A federal court in California has denied the U.S. Environmental Protection Agency’s (EPA’s) motion to dismiss filed in a lawsuit brought by civil rights groups alleging that the California Department of Toxic Substances Control and nine other state agencies, which receive EPA funding, violated Title VI of the Civil Rights Act of 1964 by permitting hazardous waste dumps in poor Latino communities. Padres Hacia Una Vida Mejor v. Jackson, No. 11‑1094 (E.D. Cal. 4/6/12).

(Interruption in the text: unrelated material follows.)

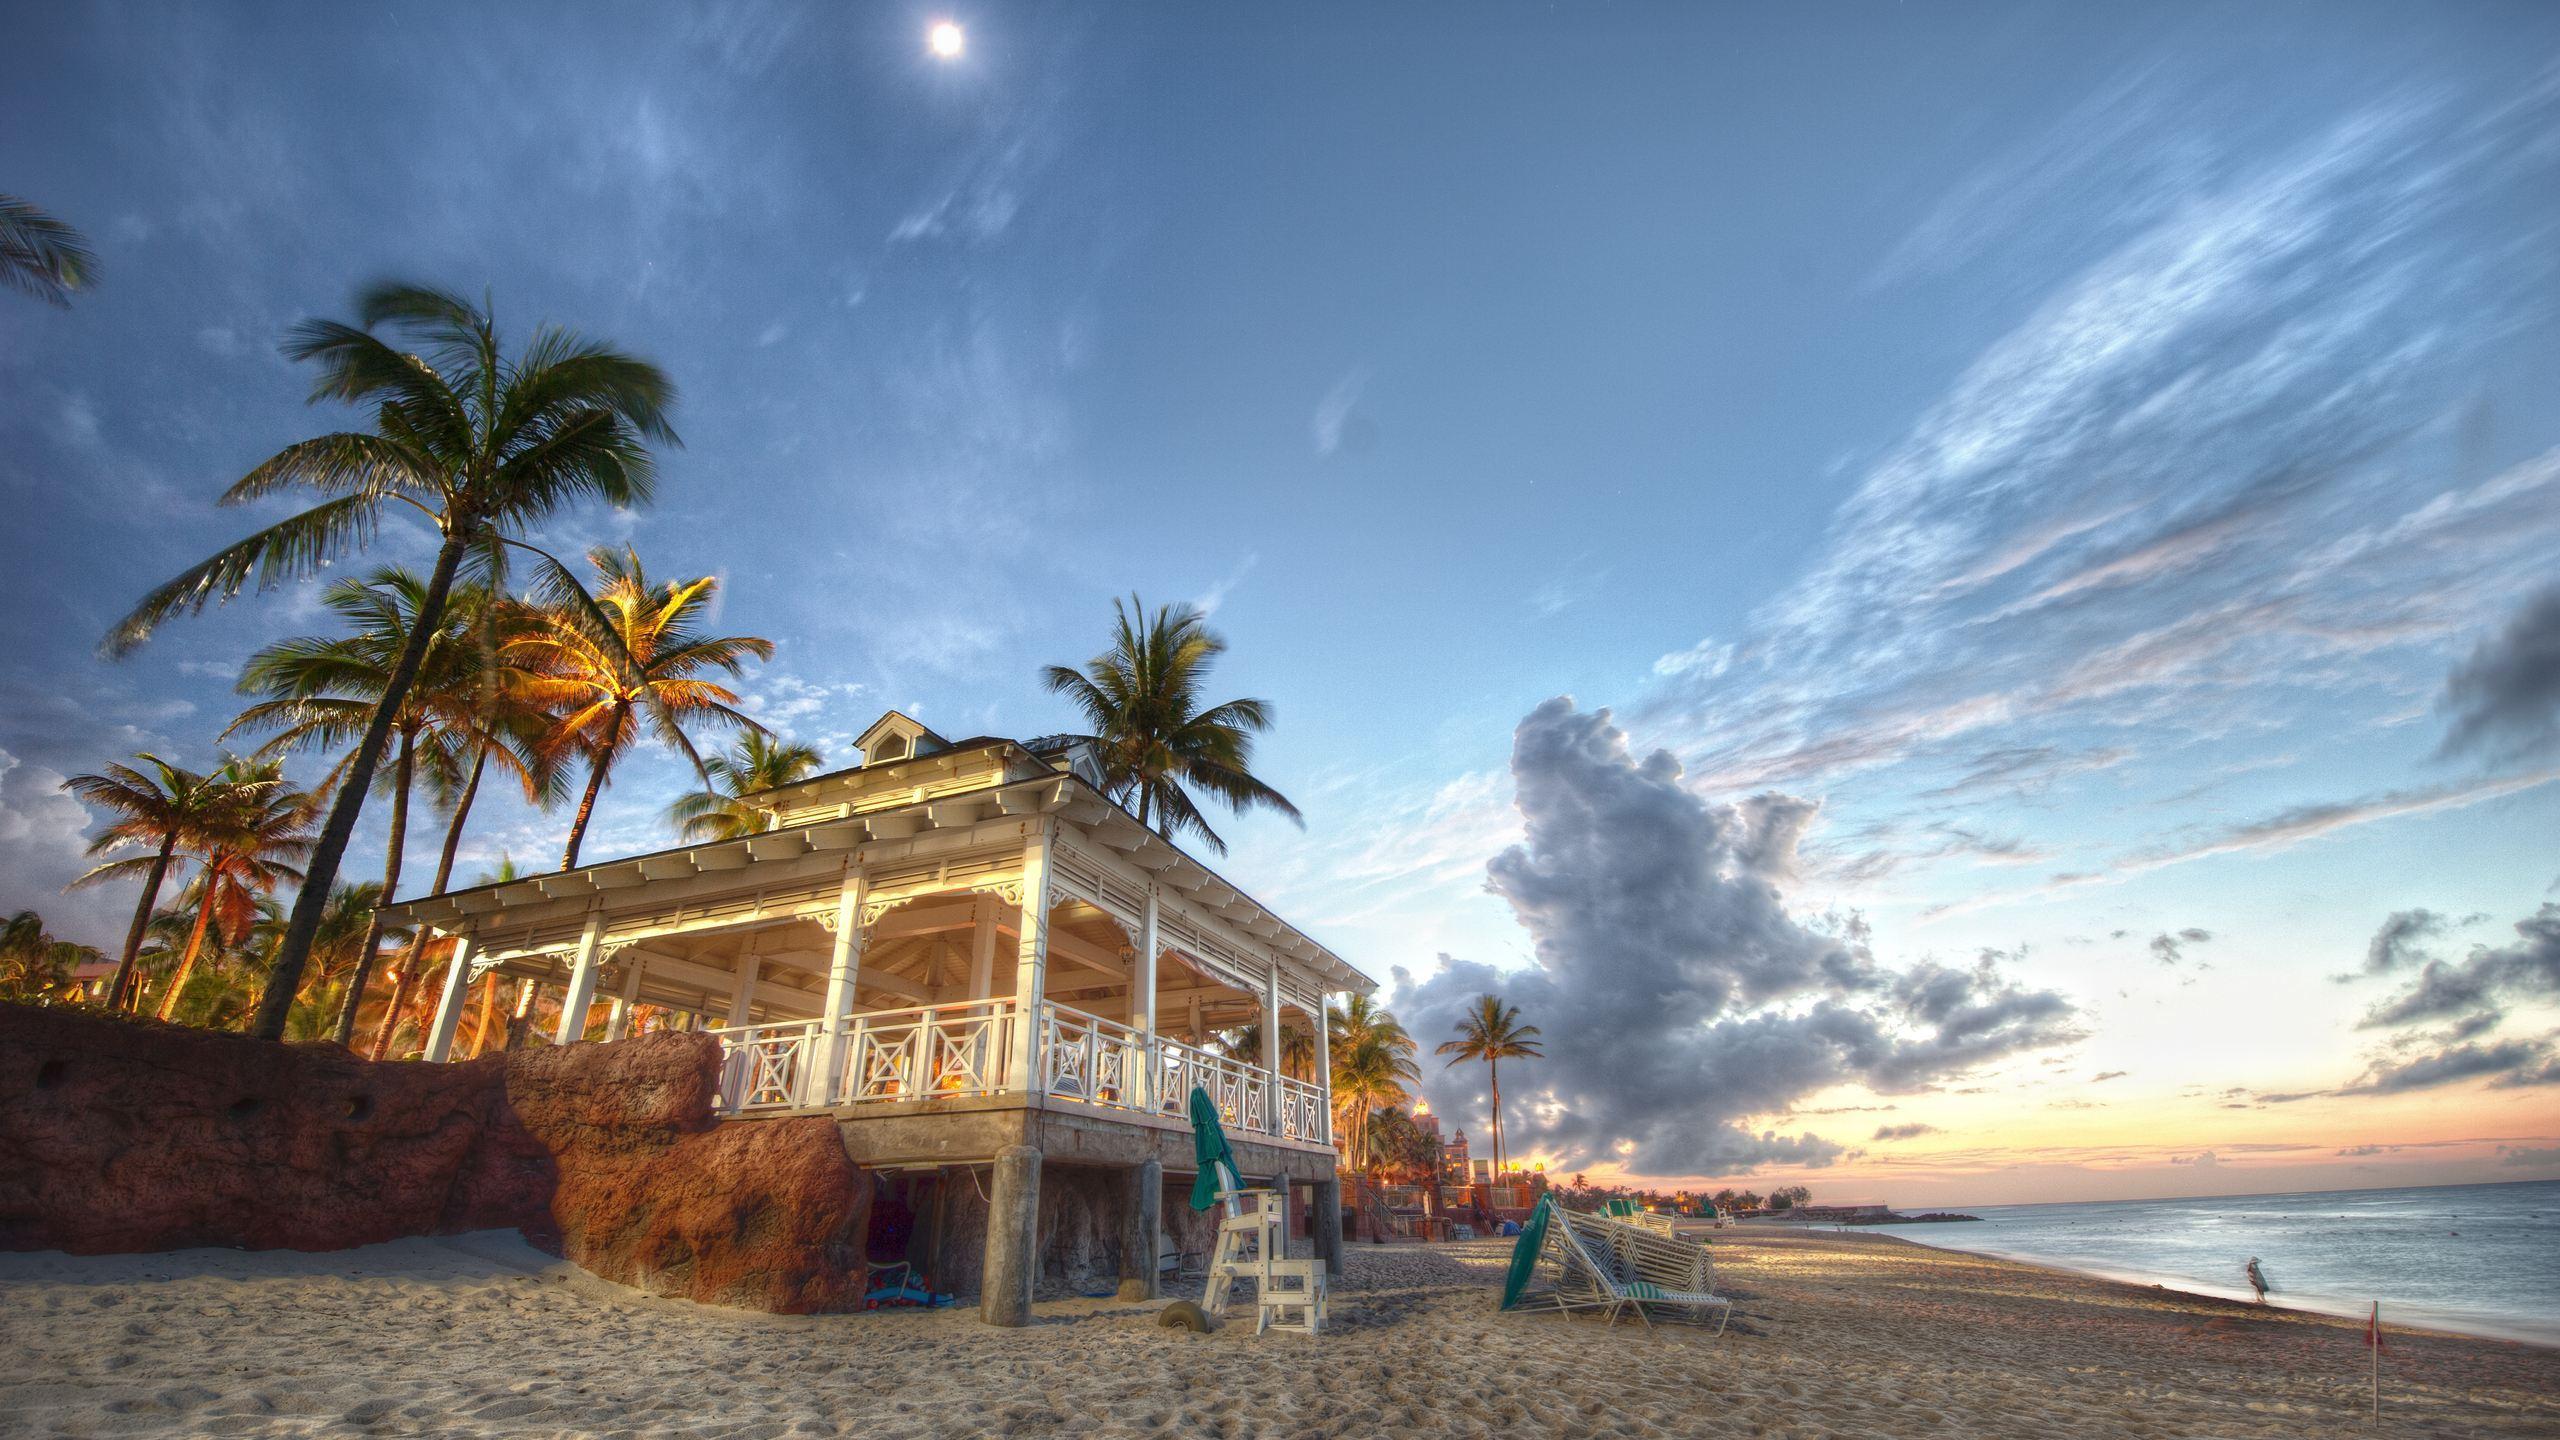 ac768ffeacf-bahamas-beach-nassau-bahamas-wallpaper-wp3601411
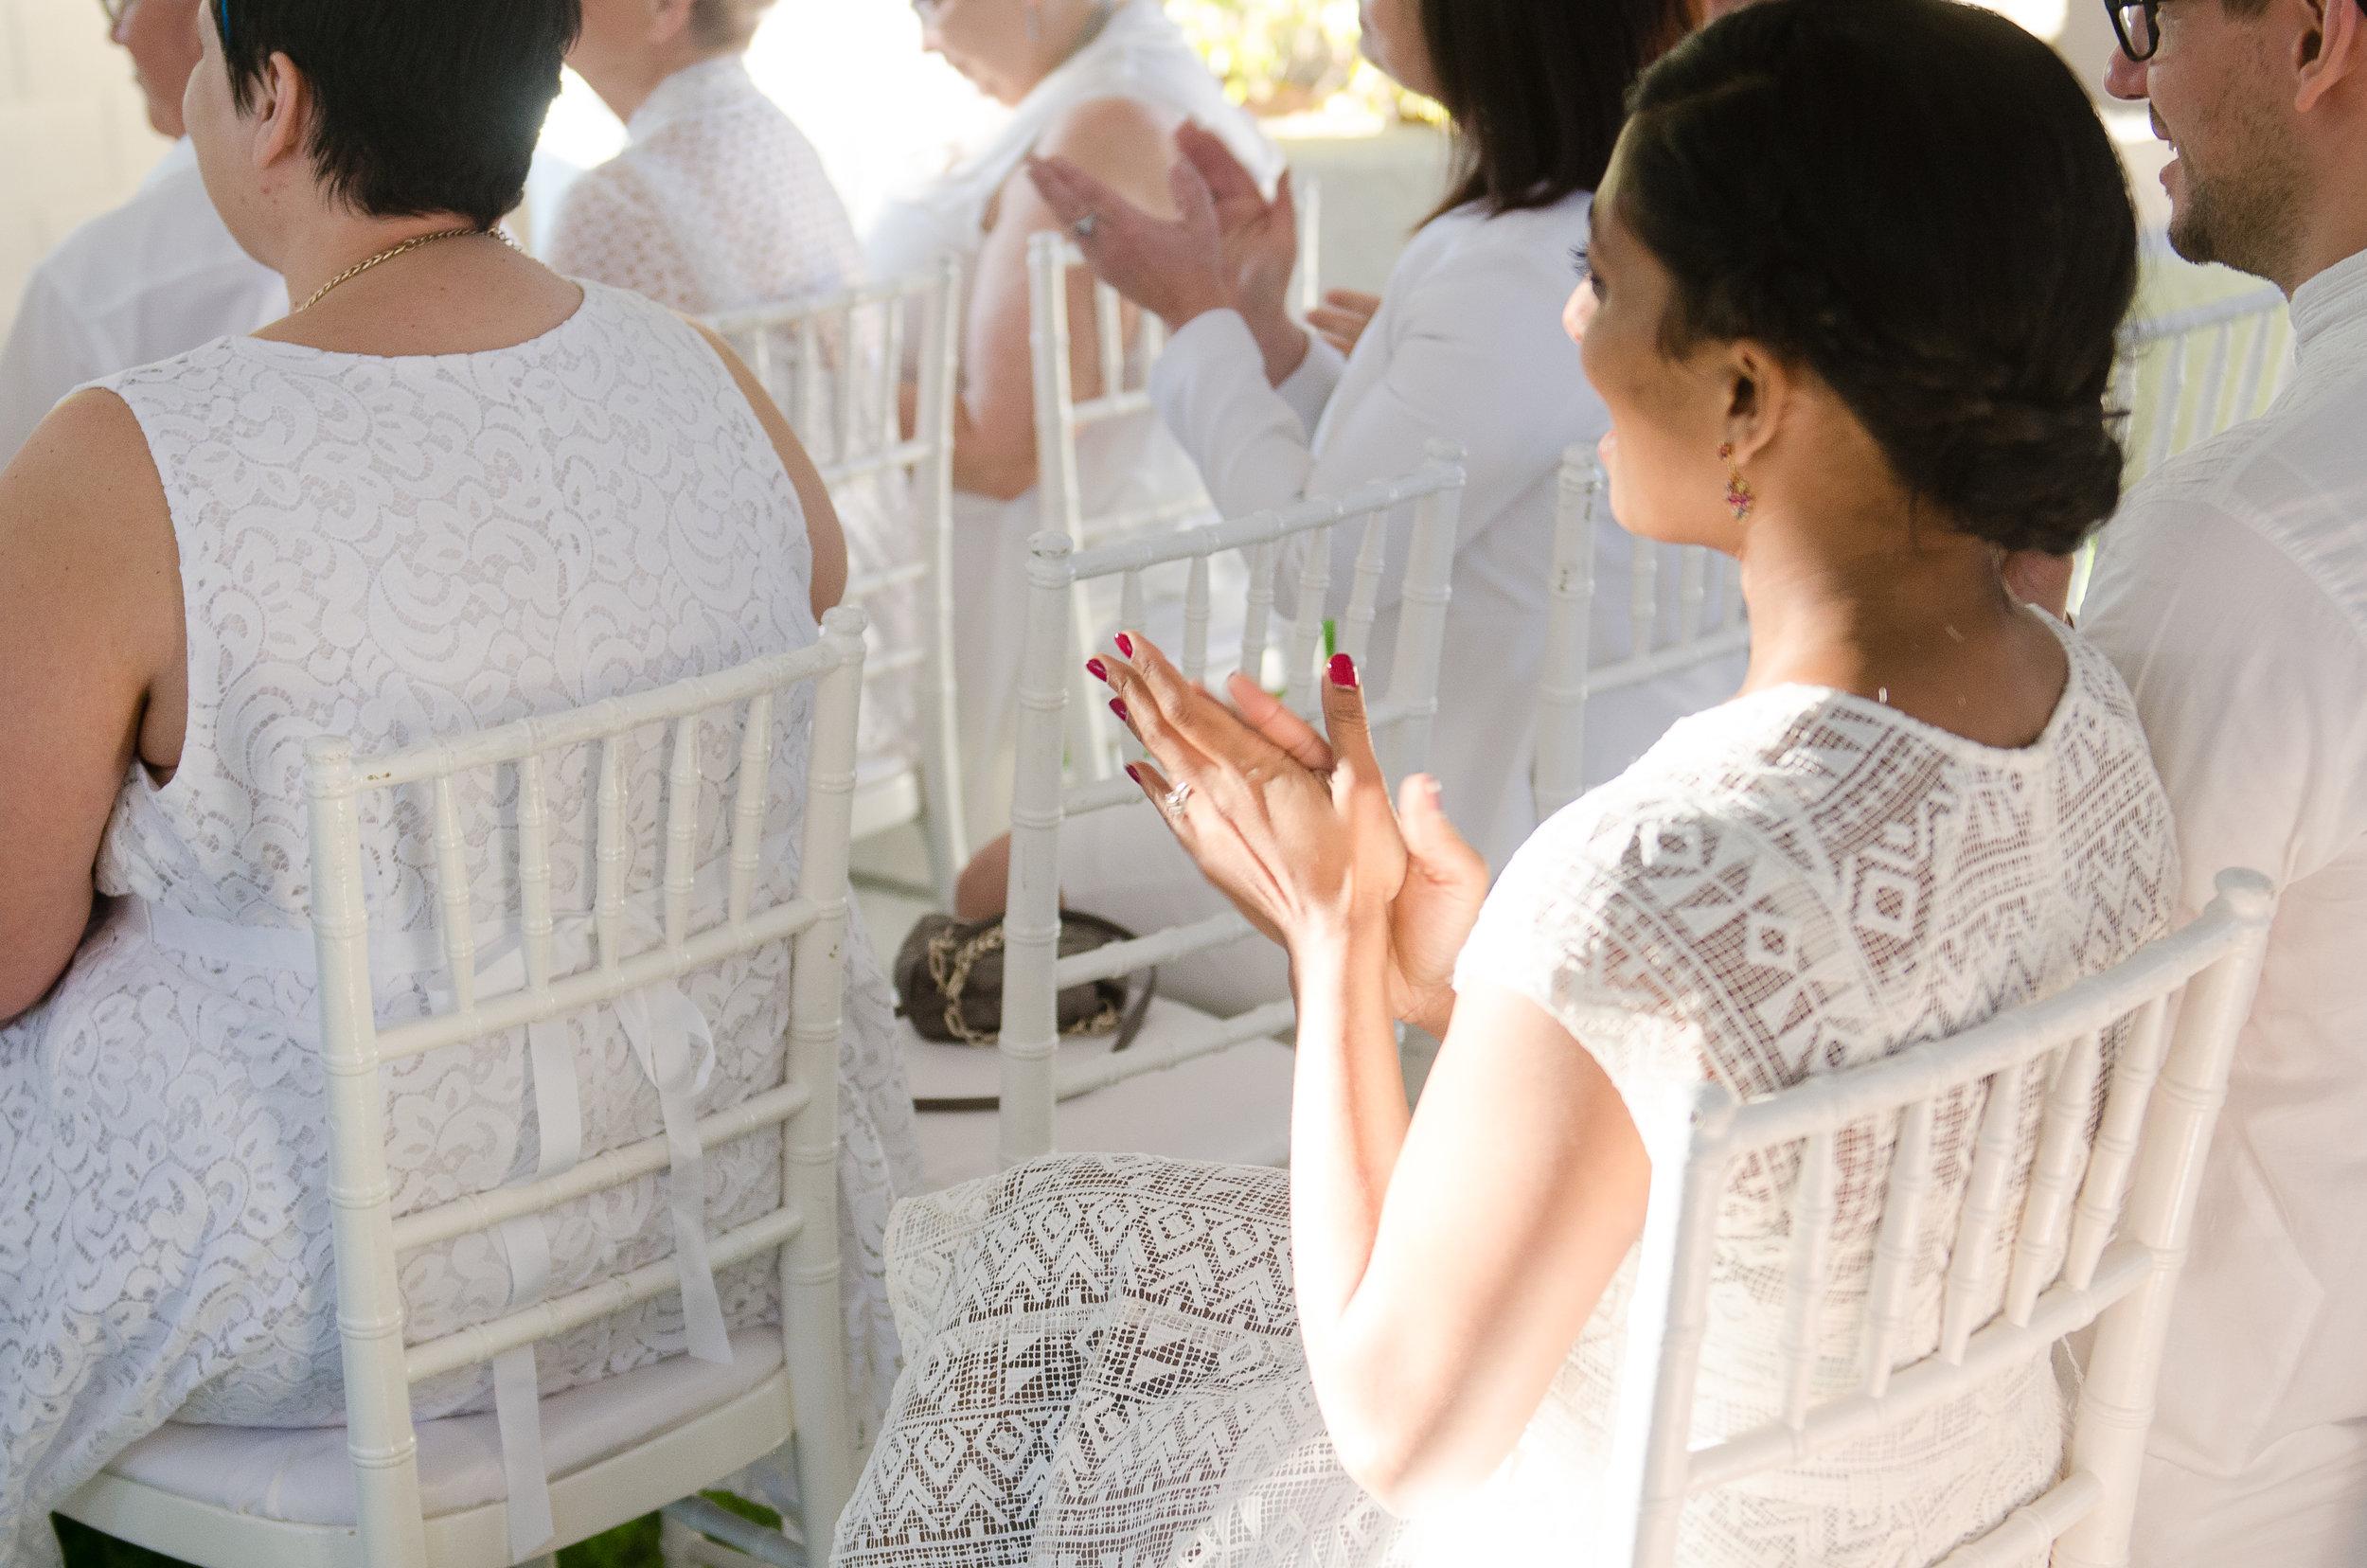 Photos of Robert and Talal's wedding by Bradford Jones

According to the court, plaintiffs filed a Title VI administrative complaint with EPA in December 1994 against 10 state agencies and the owners of two waste dumps, alleging that they discriminated against plaintiffs in the siting, permitting, expansion, and operation of the waste dumps. In July 1995, EPA notified plaintiffs that it had accepted their Title VI complaint for investigation. In October 1996, plaintiffs sent a letter to EPA alleging that EPA had failed to adhere to regulatory deadlines with respect to processing Title VI complaints.
EPA responded two months later, agreeing that it needed to improve the timeliness of its decisional process. Over the next several years, although the agency issued revised draft guidance for investigating Title VI complaints, it failed to process any Title VI complaints in accordance with the draft guidance. In January 2011, EPA dismissed plaintiffs’ 1994 complaint after finding that one of the 10 state agencies was not a federal financial assistance recipient. On June 30, plaintiffs sued. EPA moved to dismiss, contending that plaintiffs had waited too long to sue under the Administrative Procedure Act. In response to EPA’s motion to dismiss, plaintiffs argued that EPA’s failure to address plaintiffs’ civil rights claim over the past 15 years “violates its duty to issue preliminary findings, and every day that it does not issue findings is a repetitive discrete violation.”
Although the court rejected EPA’s motion to dismiss, it acknowledged that the agency “raised significant and substantial issues of controlling law.” The court said that, as a result, it would entertain a motion for interlocutory appeal.